Though at that point the user would have to give us the wholetarget.xml
file.
Disadvantages:
- Very limited flexibility if we do want to detect things and share common info.
- Some would argue XML is harder to read than C++, plus we get some checking
when it’s compiled that it’s valid syntax at least.
Overriding the information could be done from lldb
instead though which
brings me on to…
3. Store the information client side in lldb
This comes in 2 parts, we’d have some built in information that essentially mirrors
approach #1. With all the same properties except that any detection has to be done
further from the debugee itself (network wise).
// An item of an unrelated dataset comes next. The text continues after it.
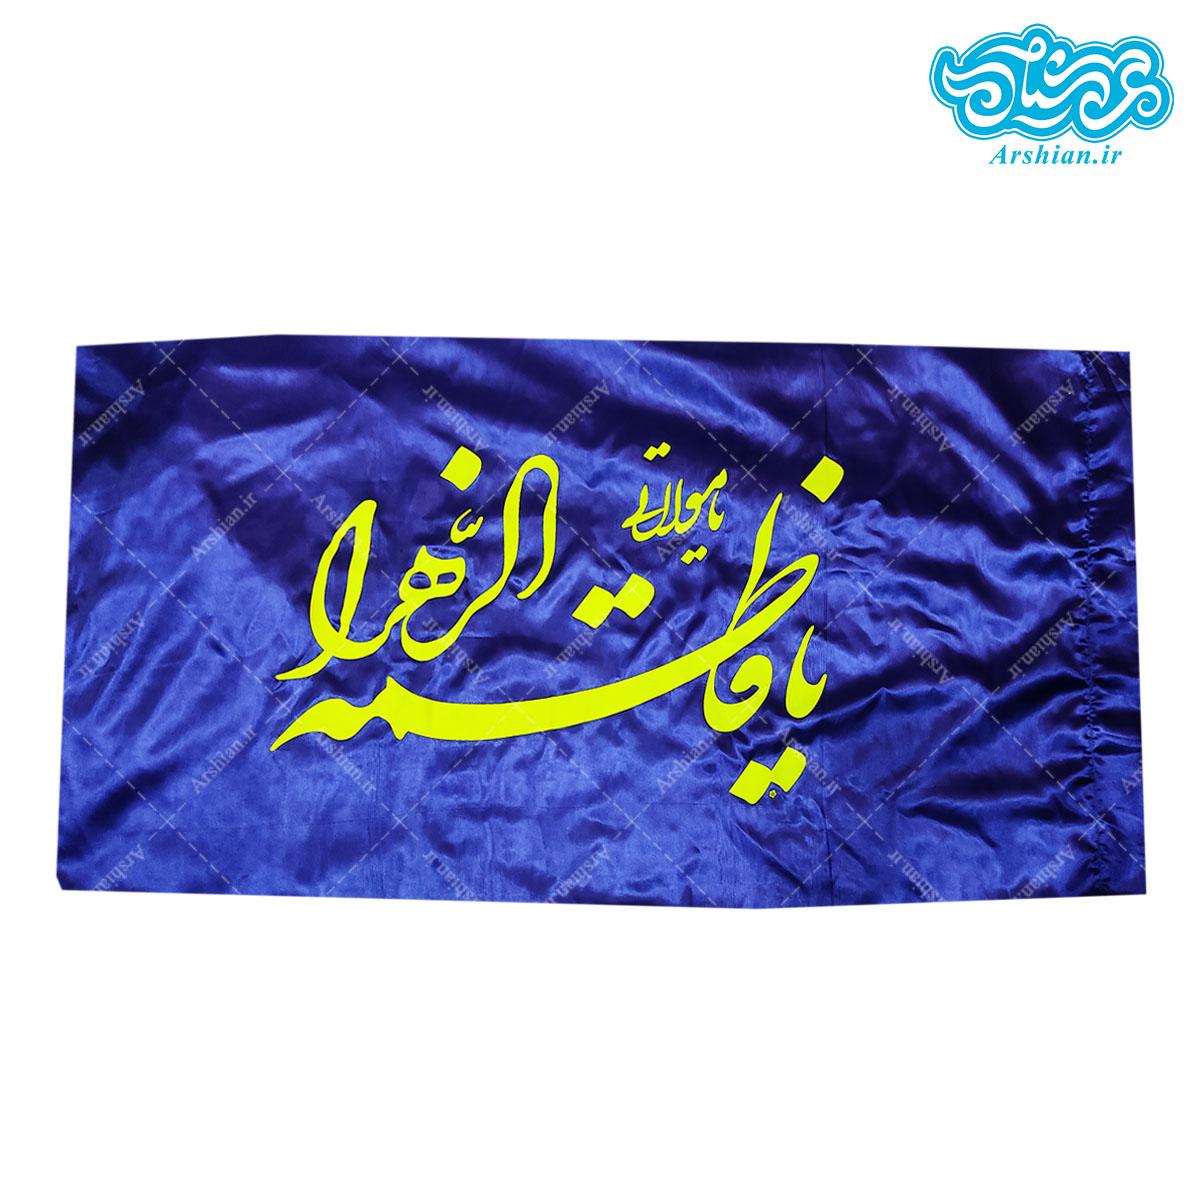 پرچم ساتن یافاطمه الزهرا کد020

This means that anything we can’t
detect over the GDB protocol will be a pain to figure out.
The second part is that a user could use a script like this
Cortex M example script we already have.
With API additions one could pass field information in the register infos also,
and if you know what your cpu is, there’s no need for detection.
I also considered some sort of hook to point to external XML bundles like Arm’s
where we would convert the information on startup and patch it into the builtin
information. However, this is something I’d only pursue if there was vendor
interest in it (and would need to confirm usage rights around that data).
Testing
Assuming we detect fields, we don’t have access to enough different cpus to run
on to check all the permutations of that. So that will be covered by unit tests
that take feature sets of some sort.
For a register with static contents like SVCR, we can add a few output checks
to existing tests that use it. If we don’t do any field detection, then all
register information will be tested this way.
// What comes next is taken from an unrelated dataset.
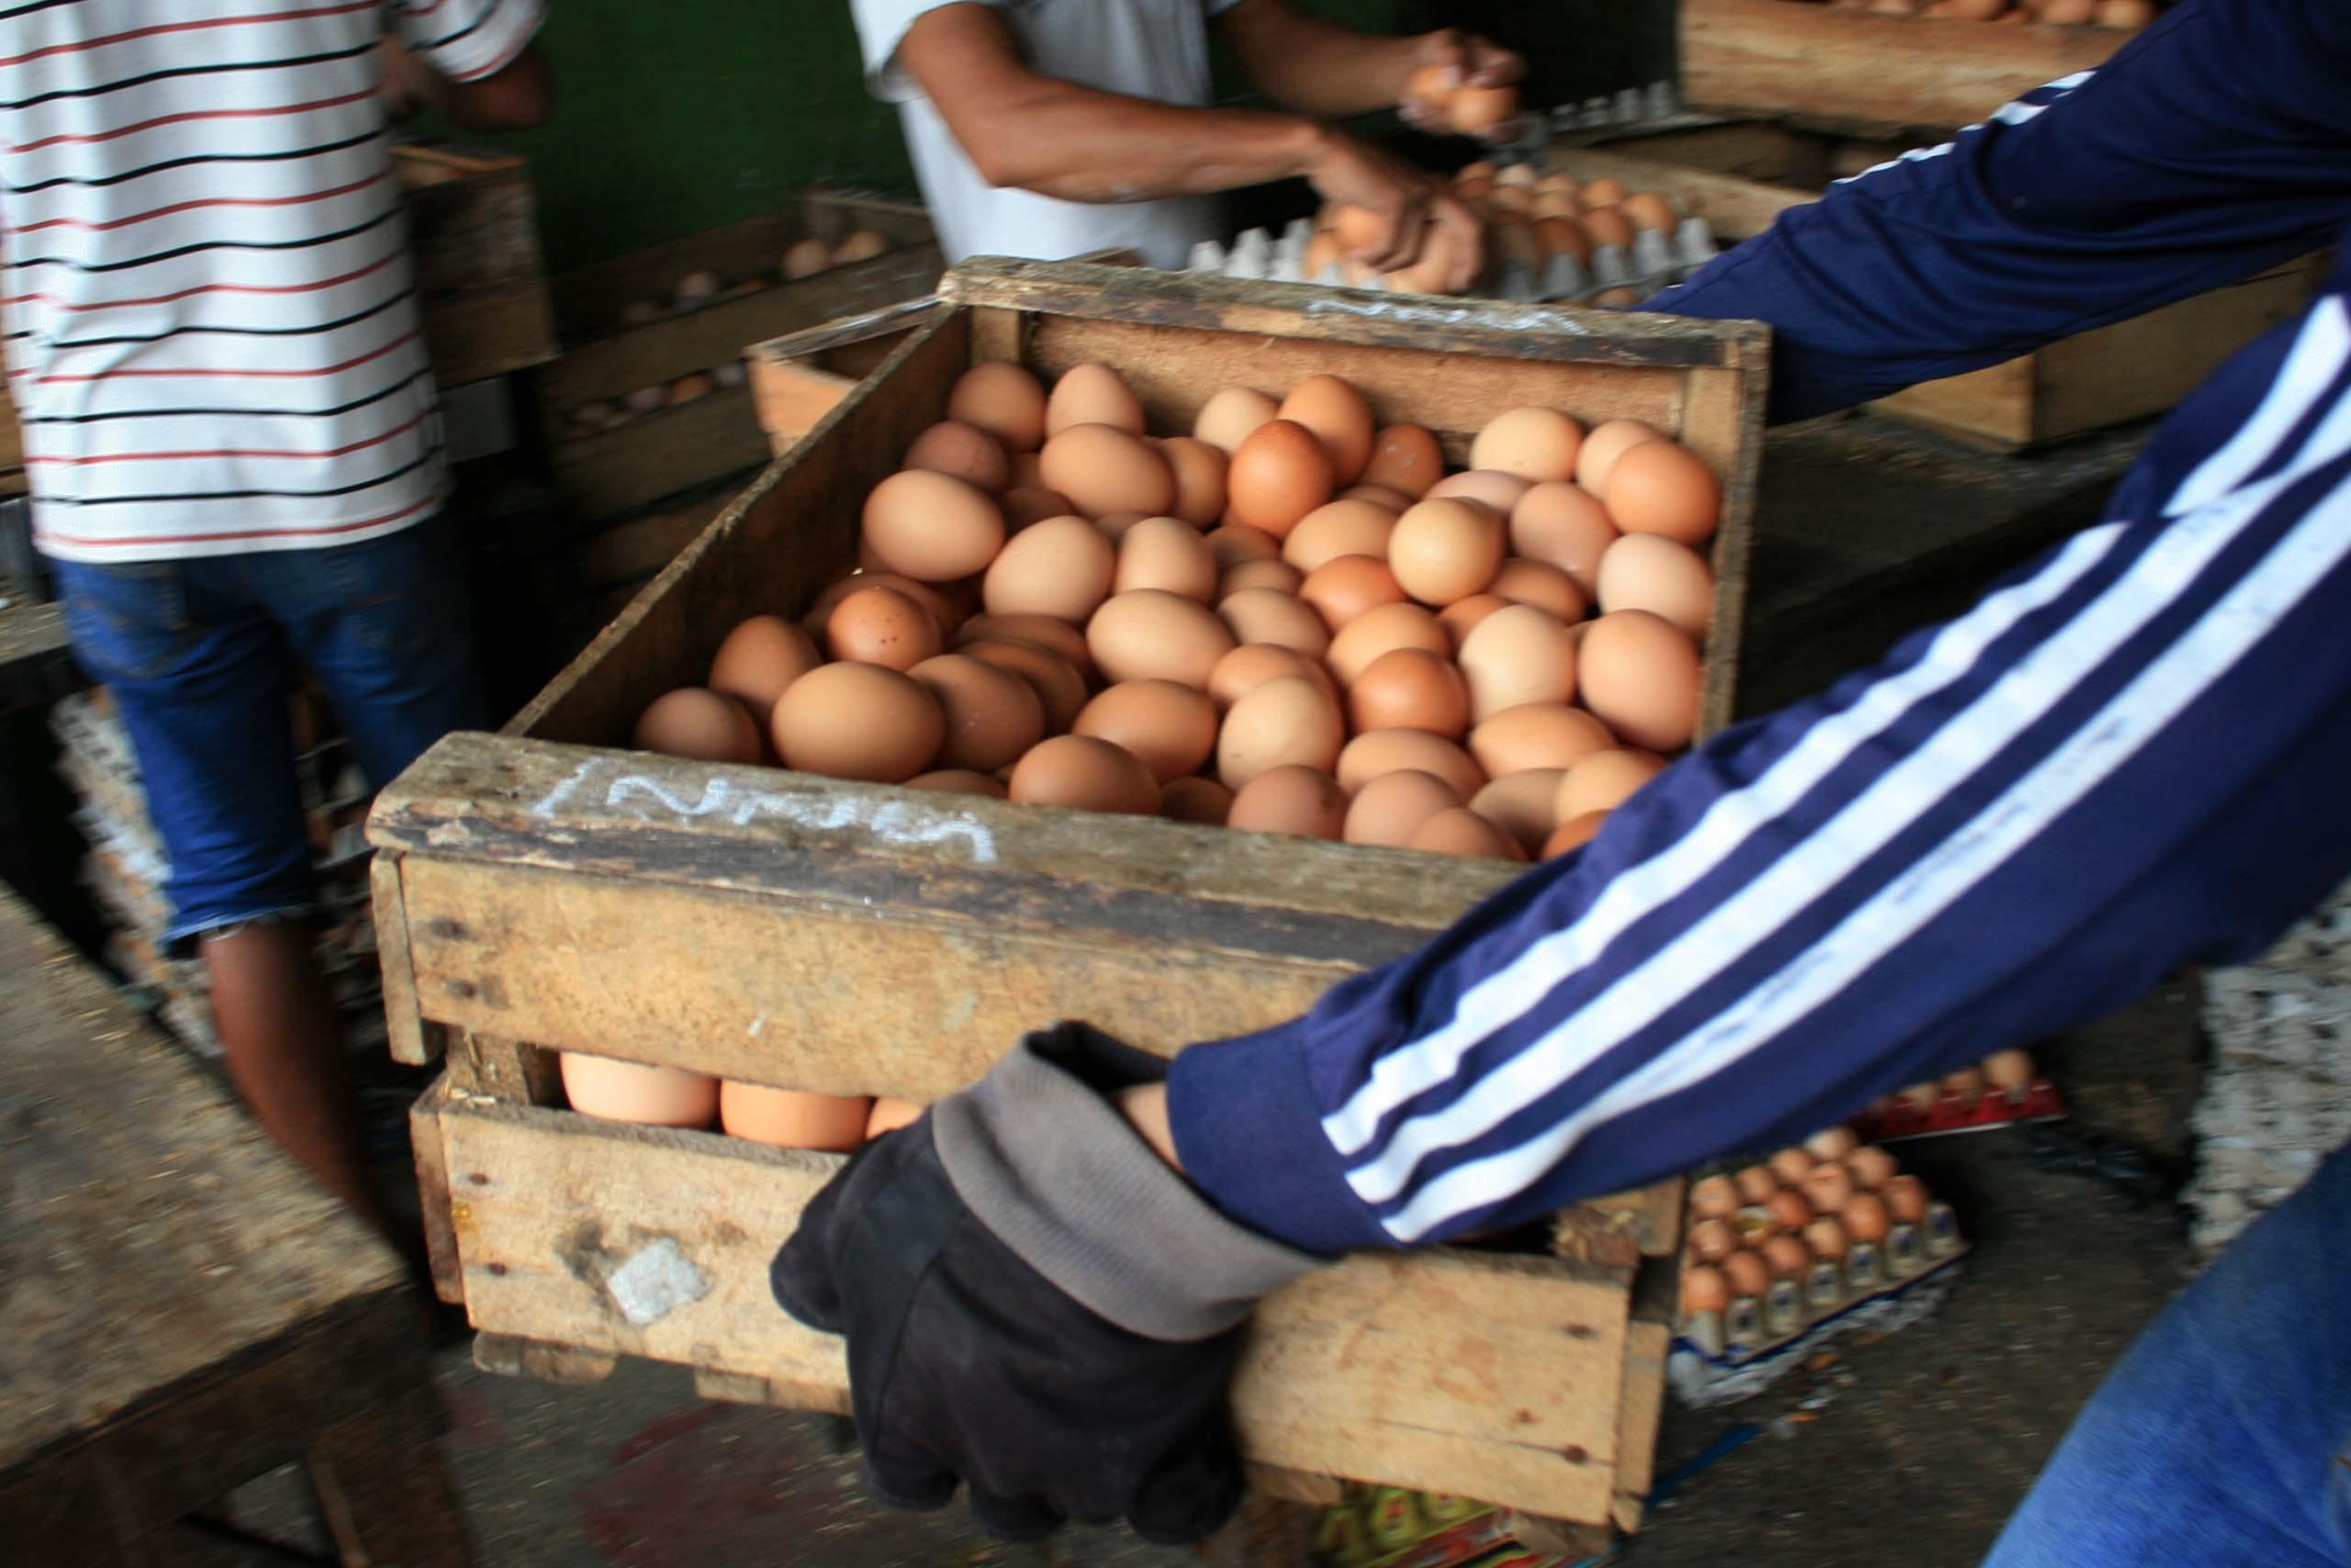 Kenaikan Harga Telur Ayam karena Turunnya Produktivitas

Anything not covered by that will be a best effort. Given that if I make a mistake
reading the manual, I’ll write incorrect code and incorrect tests. Someone will
have to file an issue to get that fixed.
I think that’s fine though. It’s a bit like the AArch64 Target Parser in that
sense. 99.9% of that is written by Arm itself, based on Arm documentation.
My Preferred Approach
My biases first:
- I think detecting the fields is cool and interesting, so I’d want to keep that door open.
- My focus is AArch64 Linux
lldb
→lldb-server
debug only at this time
(I would likely expand this to the BSDs next).
Which means my preferred approach is #1, encoding this information in lldb-server
as C++, hooking in when we create the native register contexts.
- It’s not that much code.
- It’s closer to the hardware for detection purposes.
- It doesn’t prohibit us implementing the other approaches later.
- …I wrote most of it already
(and very much a side benefit, any alternative client to lldb-server
will get this
information too)
On the accuracy of the information, I think LLDB should make a statement that
it will attempt to detect relevant fields but this is not foolproof and that the
raw value is the source of truth as to what a field’s value is if there is doubt.
Questions For You
- Do you agree with my preferred approach, have I missed another possibility?
- What statement should LLDB make (or not) about the accuracy of this field
information? - Any weird scenarios you know of for your architecture that are worth thinking
about? Including register contents orlldb-server
setup e.g.debugserver
and
iOS simulators, that sort of thing.
If no one has any specific opinions on the matter, that’s fine. I’ll be back with polished
patches to do my preferred approaches.